Important This content is part of the Sage HR Assistant Early Adopter release. If we haven't contacted you to be part of this program, refer to future release information.

Understand how to review and interpret test question results in Sage HR Assistant.

How HR Assistant evaluates questions

  • Scoring scale overview
    HR Assistant rates answers on a 1-5 scale, assessing qualitative features beyond pass or fail

  • Assessment dimensions
    Evaluations focus on accuracy, clarity, completeness, and relevance to employee data

  • Interpretation of scores
    High scores show reliable policy interpretations.
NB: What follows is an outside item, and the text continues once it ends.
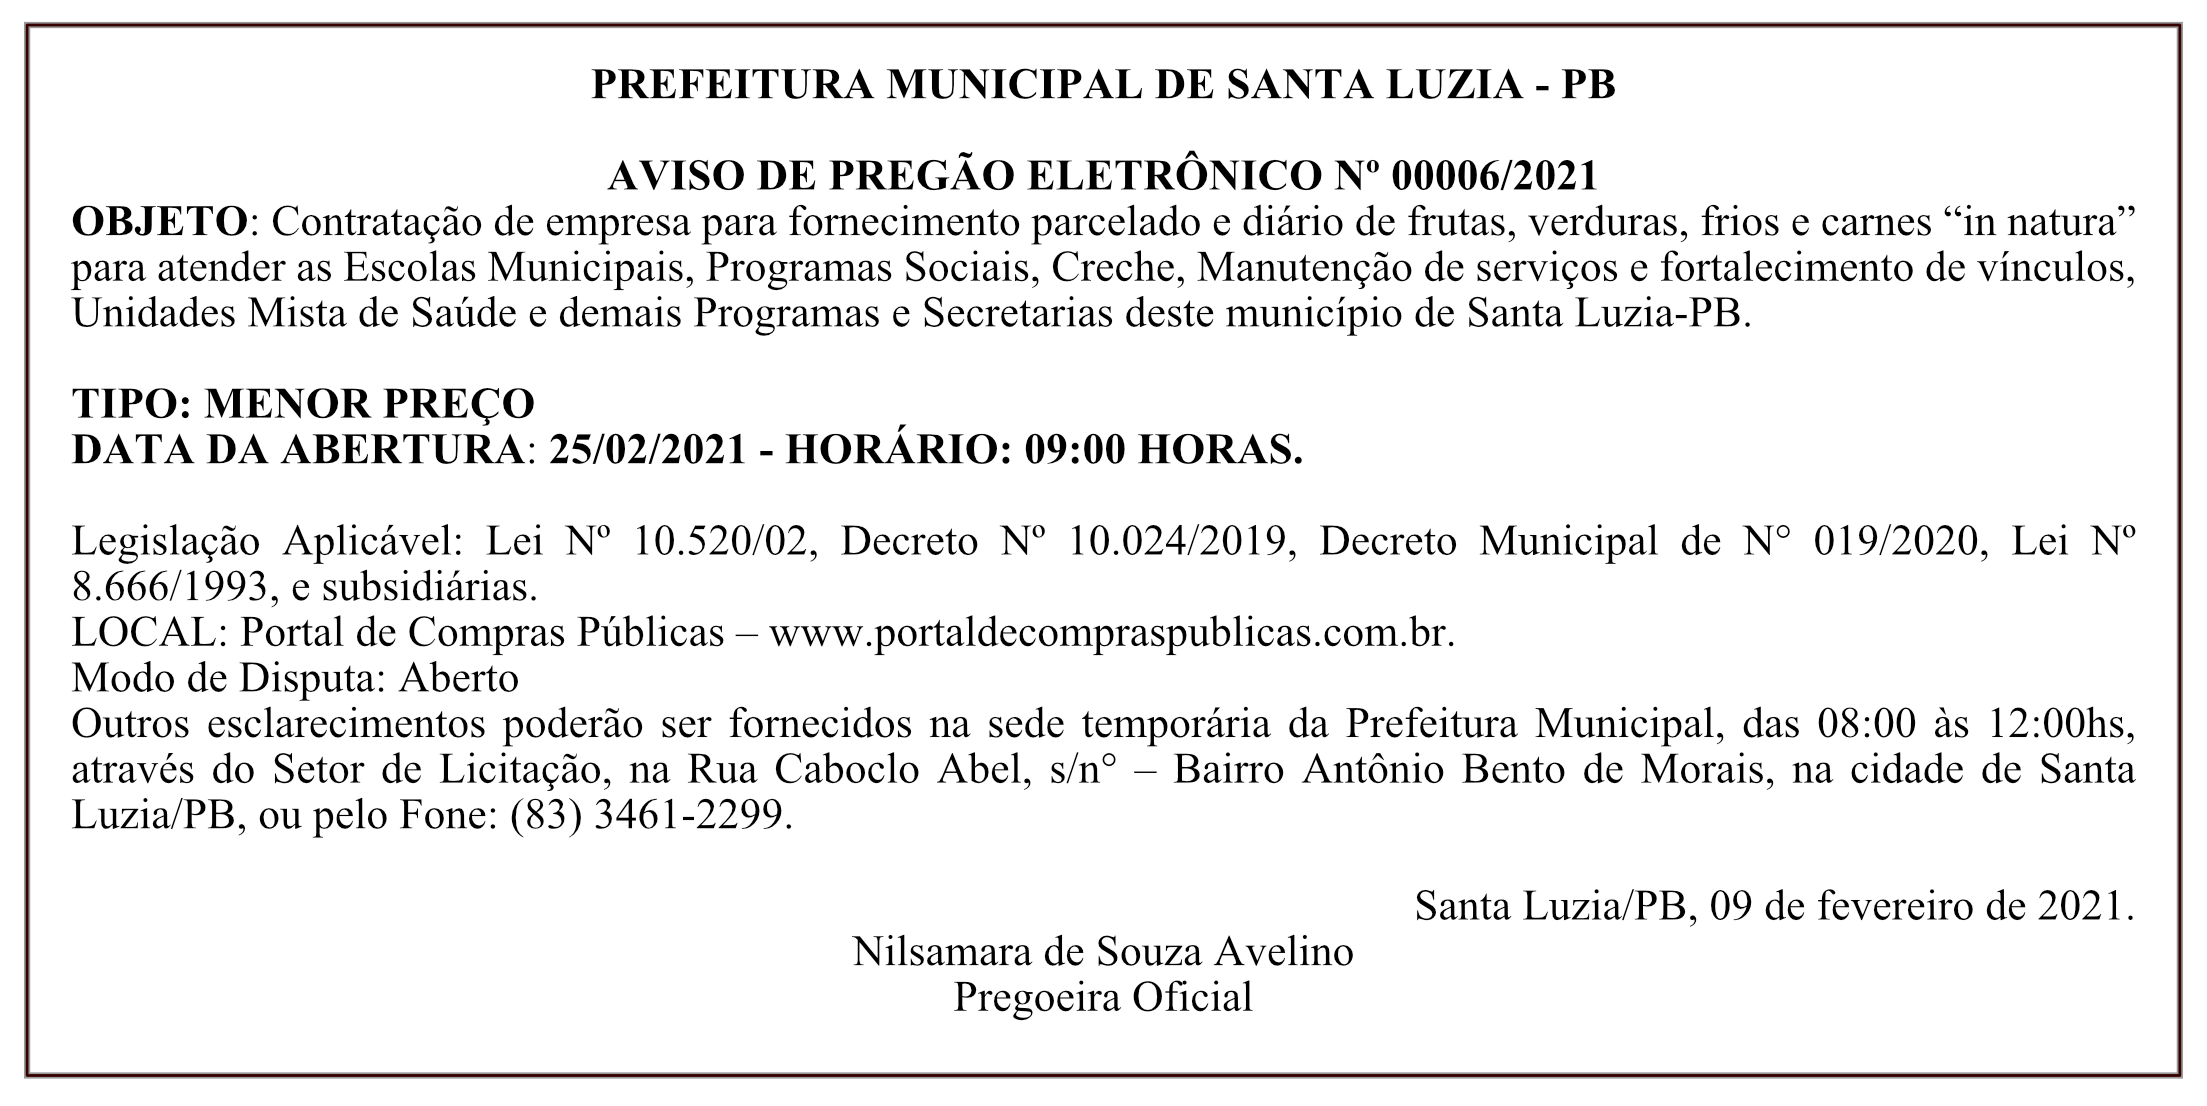 PREFEITURA MUNICIPAL DE SANTA LUZIA – AVISO DE PREGÃO ELETRÔNICO Nº 00006/2021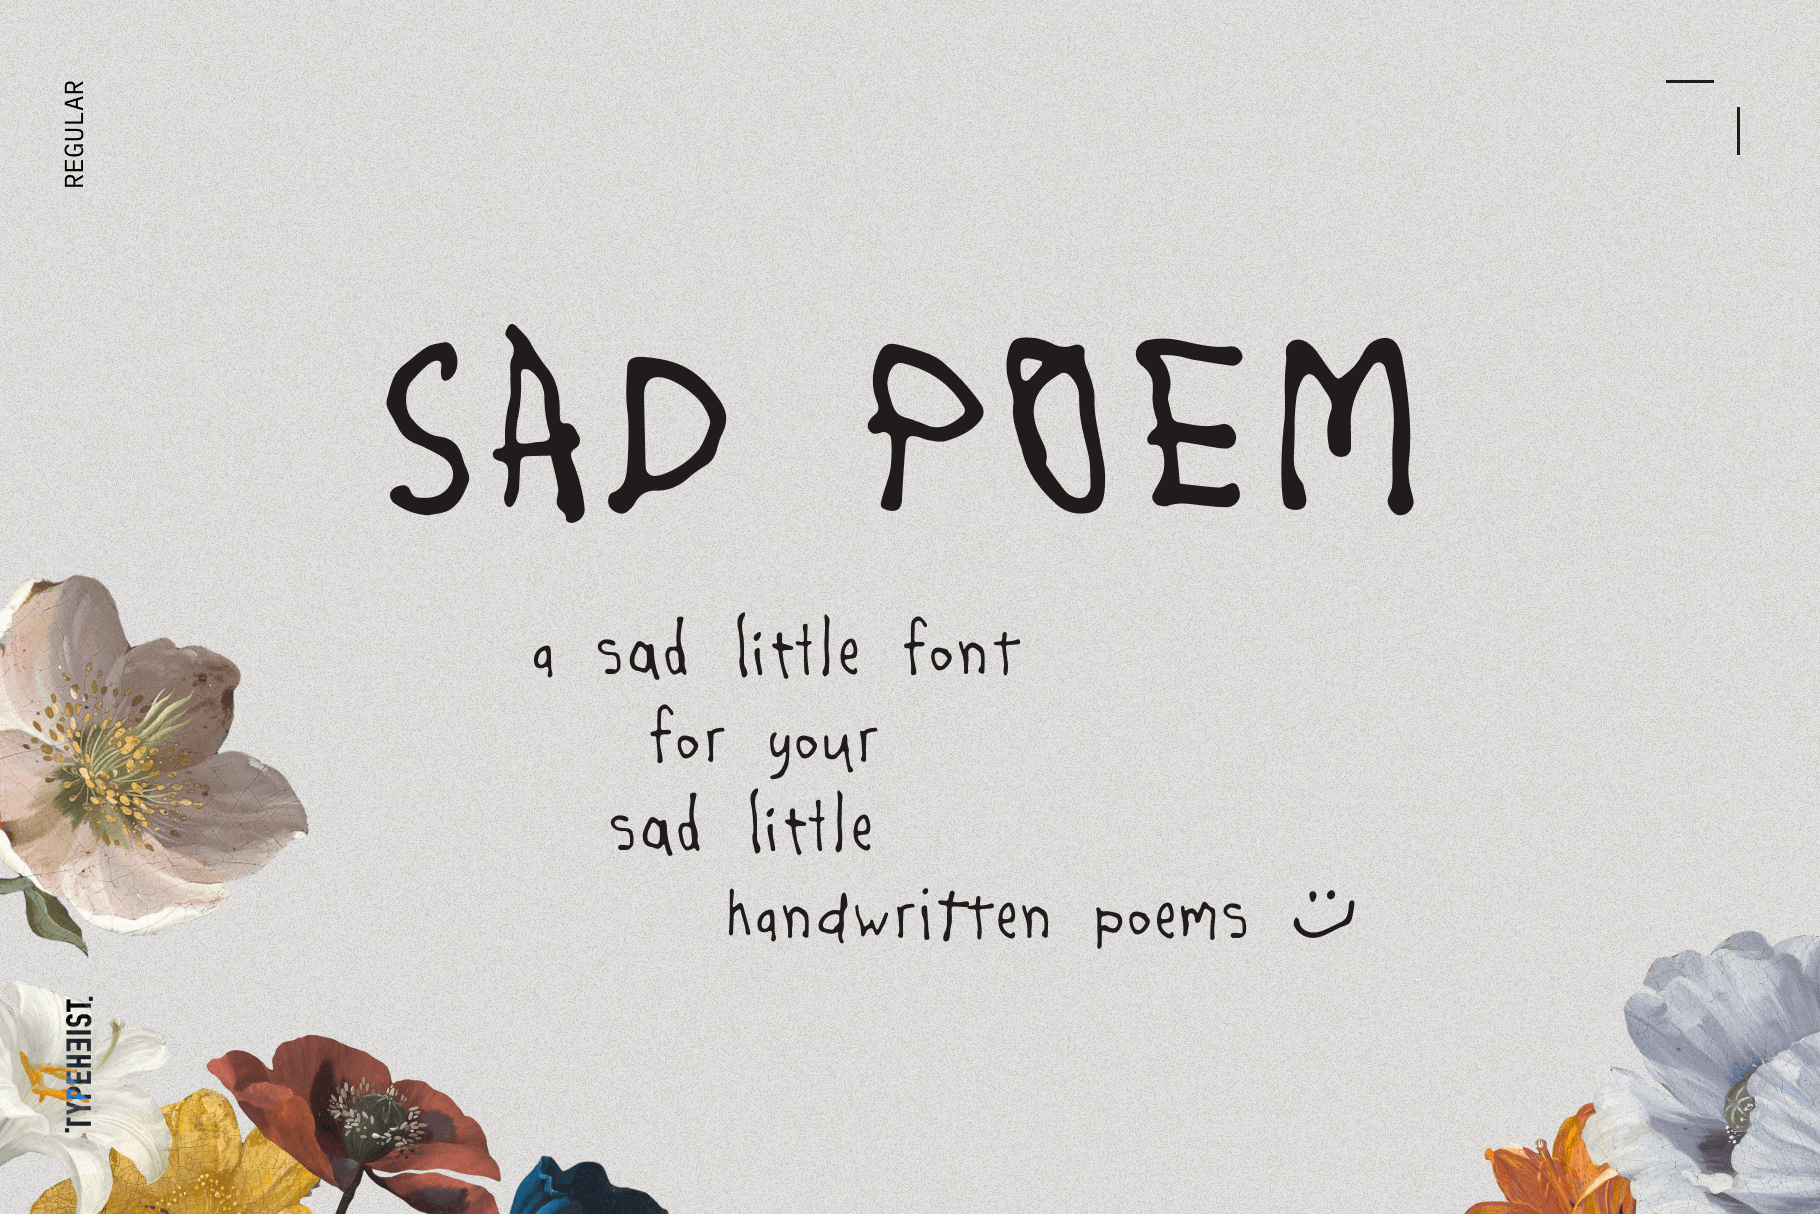 Sad Poem

Low scores highlight gaps or ambiguities you need to fix

  • Purpose of evaluation
    Scoring guides confidence building, identifies strengths and weaknesses, and directs improvements

What does good look like?

  • The system grounds the answers only in the documents you provide

  • Answers are accurate and consistent

  • The agent refuses or deflects when the content isn't in scope

  • Citations (if you've enabled them) go to the correct document

  • No hallucinated steps, policies, or advice

The results you expect show correct answers, match document wording, and don't provide any extra interpretation

Reading results

  1. The scores will be between 1 and 5 and indicate the success off the test. You can see the score of each question by hovering over it.


  2. You can download the set of results and analyze the score distributions.

  3. Decide if this meets your acceptance criteria.

  4. If the results aren't as you expect, consider if the questions are the right ones.

Expected score distribution and success criteria

The Salesforce Testing Center scores all answers on a 1-5 quality scale. This is based on accuracy, clarity, completeness, and how well the system grounds the answer in policy and employee data.

  • Focus on trends, not perfection. You'll demonstrate UAT success with few low scores, consistently strong answers, and clear insight into where you need to refine things

  • A successful UAT doesn't mean all 5s

  • Expect a few 3s, especially for conditional policy questions

  • Repeated 1s or 2s indicate issues with policy content, grounding data, or agent instructions. Resolve these before you go live

Score What it means What to expect
5 - Excellent Accurate, complete, clear 50-65% of answers
4 - Good Mostly correct, minor gaps 20-30% of answers
3 - Acceptable Partially correct or unclear 5-15% of answers
2 - Poor Confusing or largely incorrect <5% of answers
1 - Bad Incorrect or hallucinated 0-2% (requires action)